Read about the celebrities who support the work of Facial Palsy UK.
U.S. actor Johnathon Schaech (That Thing You Do, Prom Night, 5 Days of War, Phantom)
“My dear friend’s son was born with congenital facial palsy. After speaking with him and his wife, I have come to understand that people with facial palsy (and the families that care for them) could greatly benefit from having a centralized resource/website available to them where they can find the best, most reliable current information on facial palsy research, surgery options, doctors that specialize in treating the disorder, and a place where the facial palsy community can share their experiences, feelings, hopes, and fears in a safe and understanding online environment. There needs to be more awareness about facial palsy so people understand it is more than just a cosmetic issue, and that it is a disorder that often causes serious associated physical conditions and negative psychological effects on those afflicted.

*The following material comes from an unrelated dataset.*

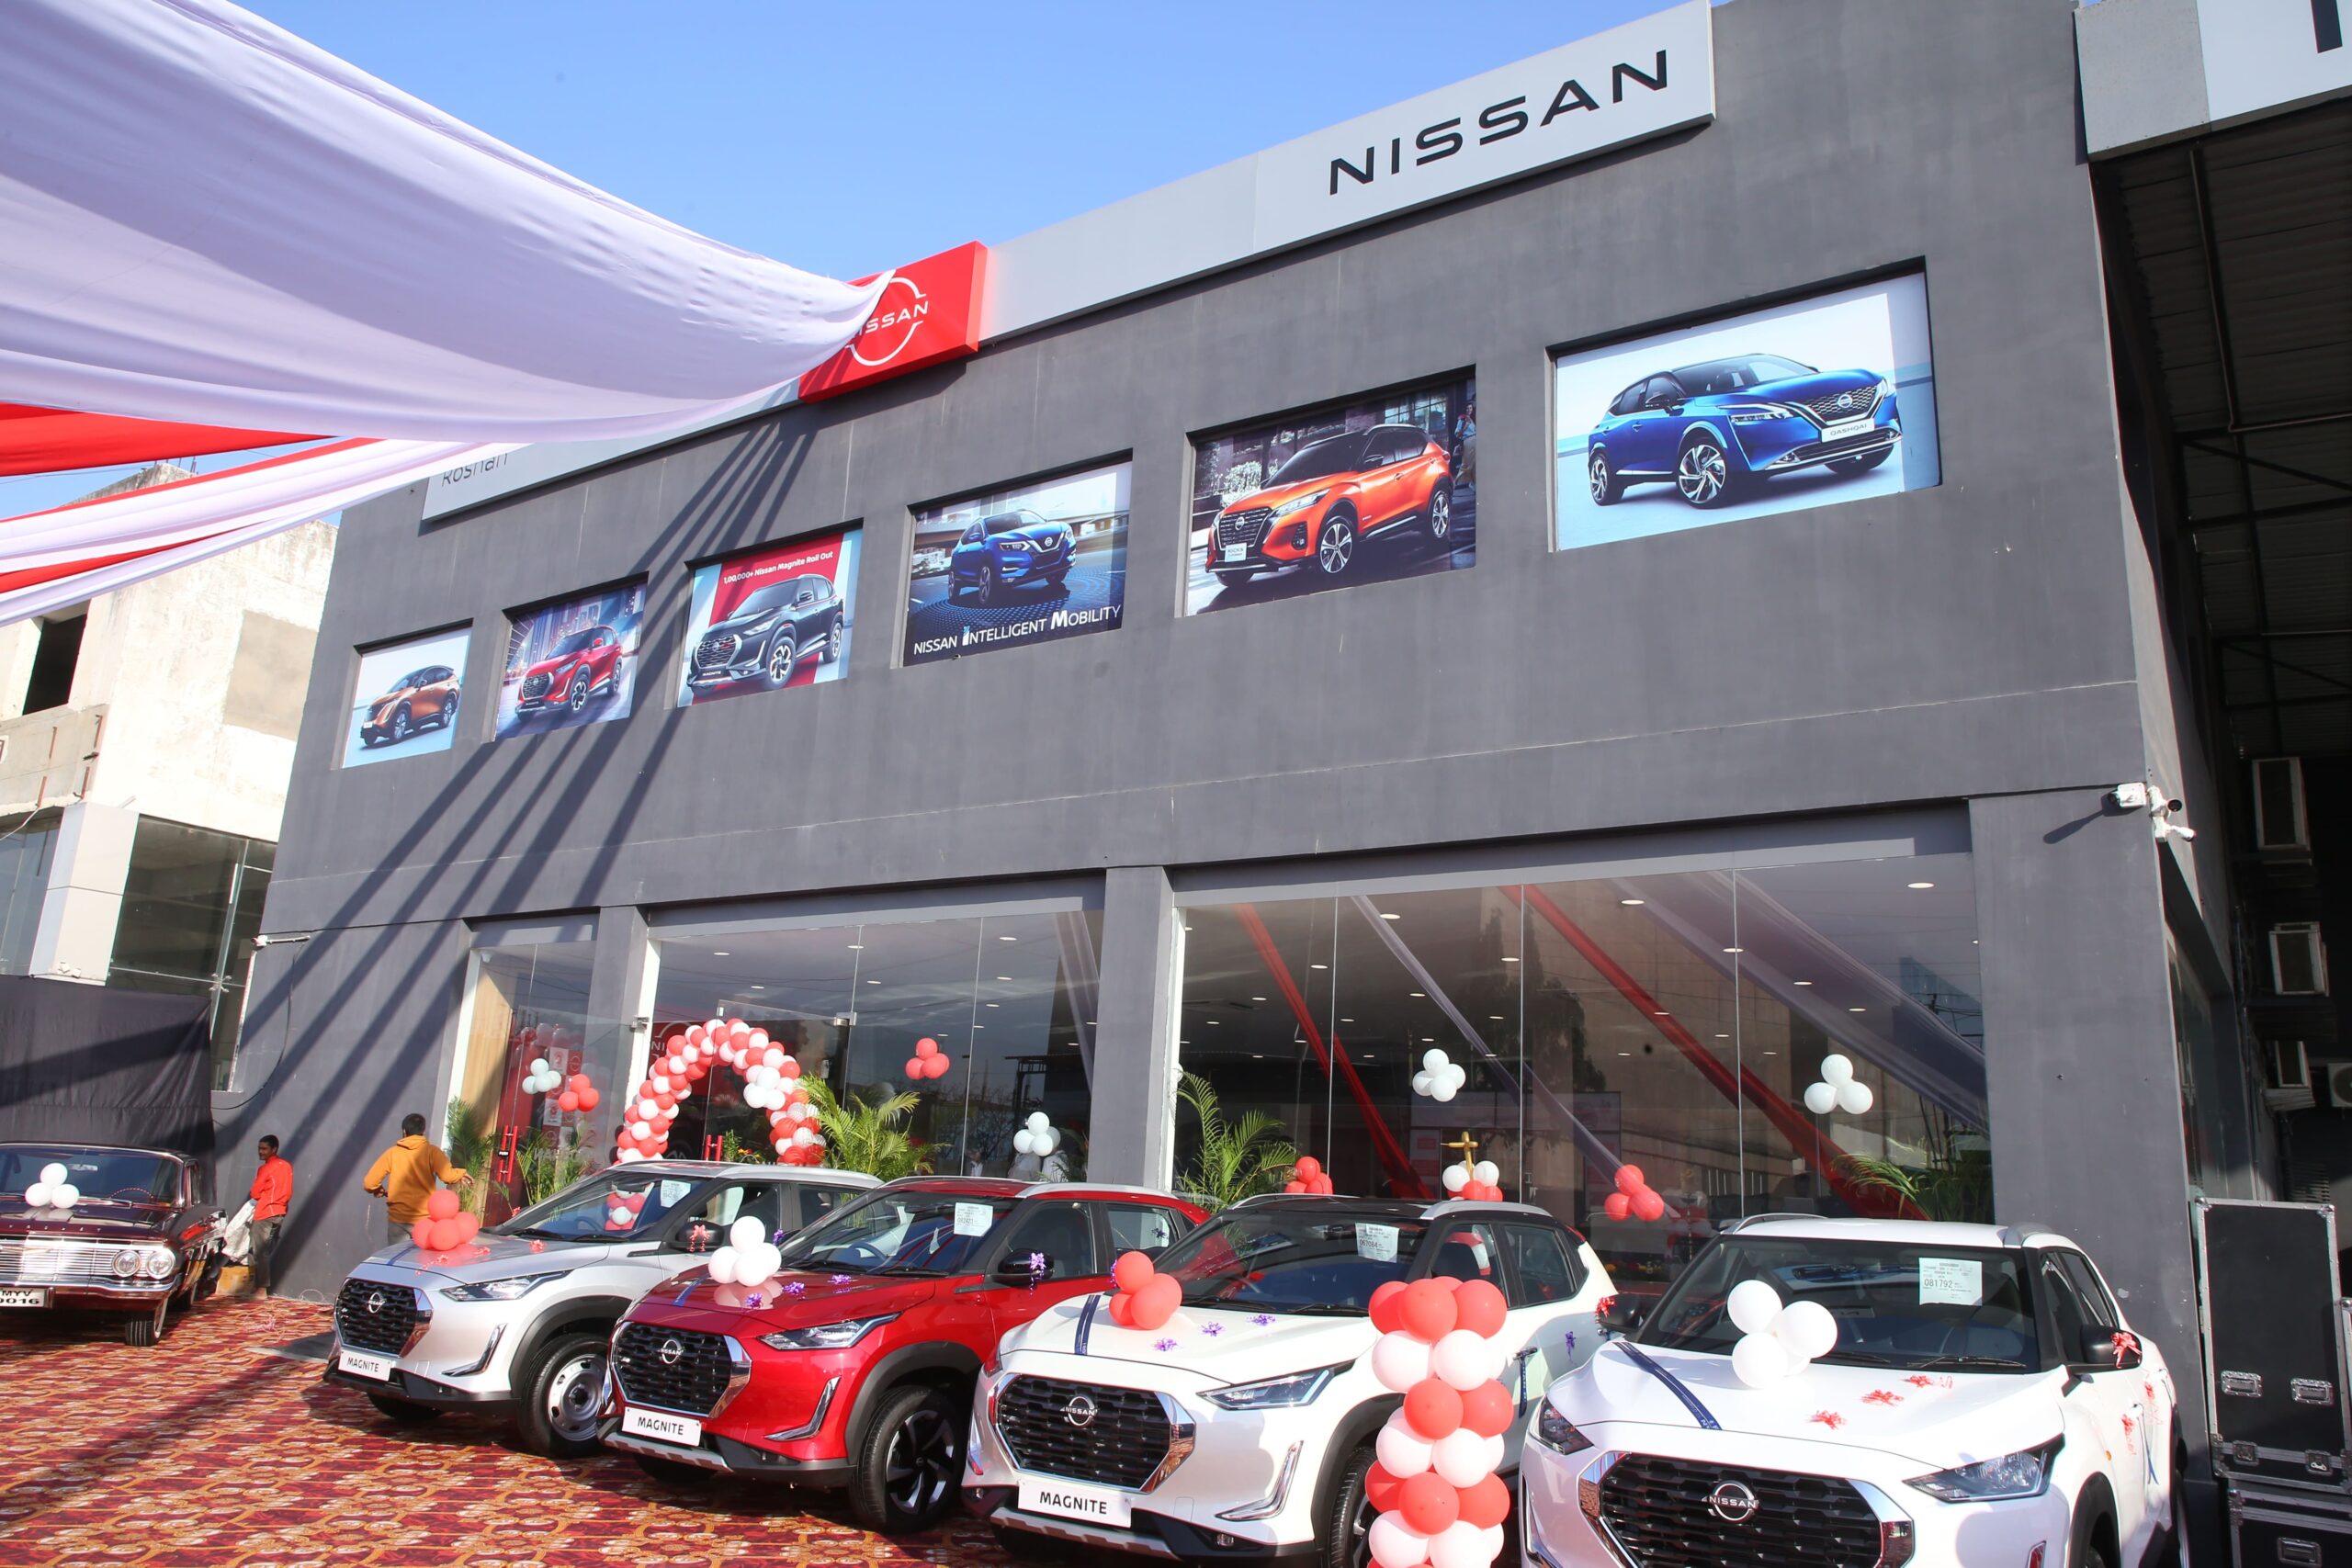 Nissan Expands Dealership In Rajasthan With Two New Dealerships

As a professional actor, I know the power and impact our faces and our facial expressions have on those we interact with in our daily lives. People often make judgments about us, who we are, and if they “like” us based purely on that “first impression” when they meet us or see our face and smile for the first time. So when a person’s face doesn’t function in the same way as the average person, the effect that can have on someone with facial palsy can be significant and sometimes emotionally devastating. For this reason I 100% support the mission of Facial Palsy UK in raising awareness of these issues.

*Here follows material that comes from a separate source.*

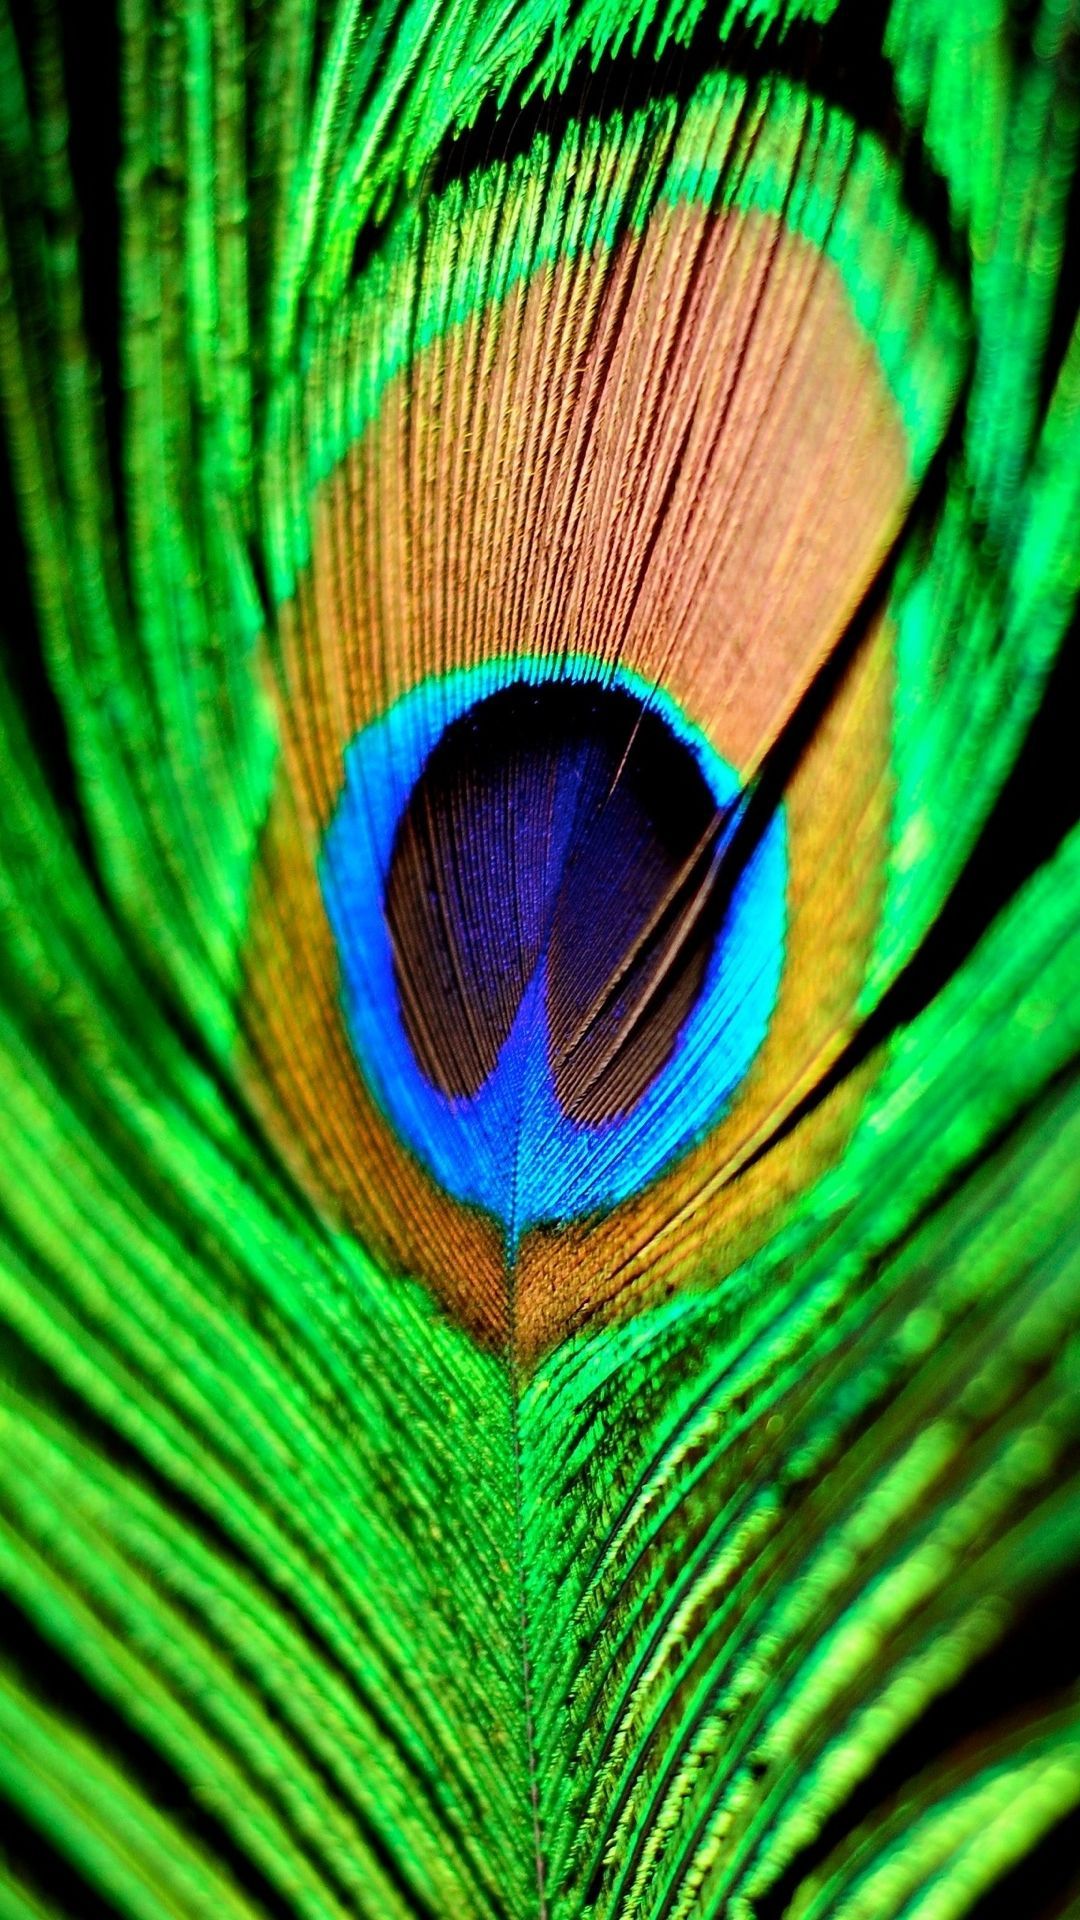 1080x1920 Peacock Feather Green Blue Iphone 6 Plus Hd Wallpaper Feather Wallpaper Iphone Feather Wallpaper Hd Phone Wallpaper

Please join me in supporting Facial Palsy UK so we can raise awareness about this important issue and offer a resource where people with facial palsy and those that love and care for them can get all the information and support they deserve.”
British actor Colin Salmon (Resident Evil, Arrow, Doctor Who, 24, James Bond – Tomorrow Never Dies, The World Is Not Enough, Die Another Day)
“In 2010, my wife Fiona developed Bell’s palsy after a minor operation on a perforated eardrum. She first noticed a feeling of excruciating pain, which she likened to having her teeth pulled out. After a very bad night the pain seemed to lessen but by mid-afternoon the same day, one side of her face had begun to drop. She couldn’t lift the left side of her mouth to smile and her left eye was stuck open. We feared she’d had a stroke and went to see our out-of-hours GP at our local hospital; this was about 48 hours after her symptoms had first begun. The GP said it was more than likely due to trauma from the surgery and to give it a couple of days for the swelling to subside. The next day things were even worse so we decided to go back to Charing Cross Hospital where she’d had her surgery, and the specialist there immediately diagnosed Bell’s palsy. Upon correct diagnosis Fiona was prescribed steroids and anti-viral drugs but the condition responds best when treated with these drugs within the first 72 hours. I had to wait seven hours to get Fiona’s prescription filled by the hospital pharmacy which meant it was actually 70 hours after the initial onset of symptoms before Fiona started taking the steroid tablets. This meant there was a lesser chance of a full recovery because she was nearly outside the 72 hour ‘treatment window’.
Having Bell’s palsy had a profound effect on Fiona’s confidence; she decided not to attend red-carpet events and would hide away in a corner at restaurants because she didn’t want people to see her struggling to eat with her semi-paralysed mouth. Simple everyday tasks such as taking a shower suddenly became difficult because her eye didn’t close properly. Fiona is my wife and I will always love her no matter what, but every woman wants to feel confident in her looks. After two months it seemed like things were improving but then she noticed strange new sensations in her face. Her eye would close when she ate and the muscles in her chin pulled to one side which looked strange. She was diagnosed with synkinesis which is a complication of facial palsy. Fortunately Fiona received treatment in the form of physiotherapy and botox injections to prevent the muscles overacting which has really helped, but many people with similar problems have never been offered this kind of help. Fiona wanted to become a trustee of Facial Palsy UK to raise awareness of the condition, early diagnosis is so important and we also want to ensure people know there are treatment options available for those left with residual problems such as synkinesis.”
“I know just how devastating facial palsy can be for the patients and their families and how important it is for them to have the support of a dedicated team of professionals. This is why I am happy to be a supporter of this very worthwhile charity.”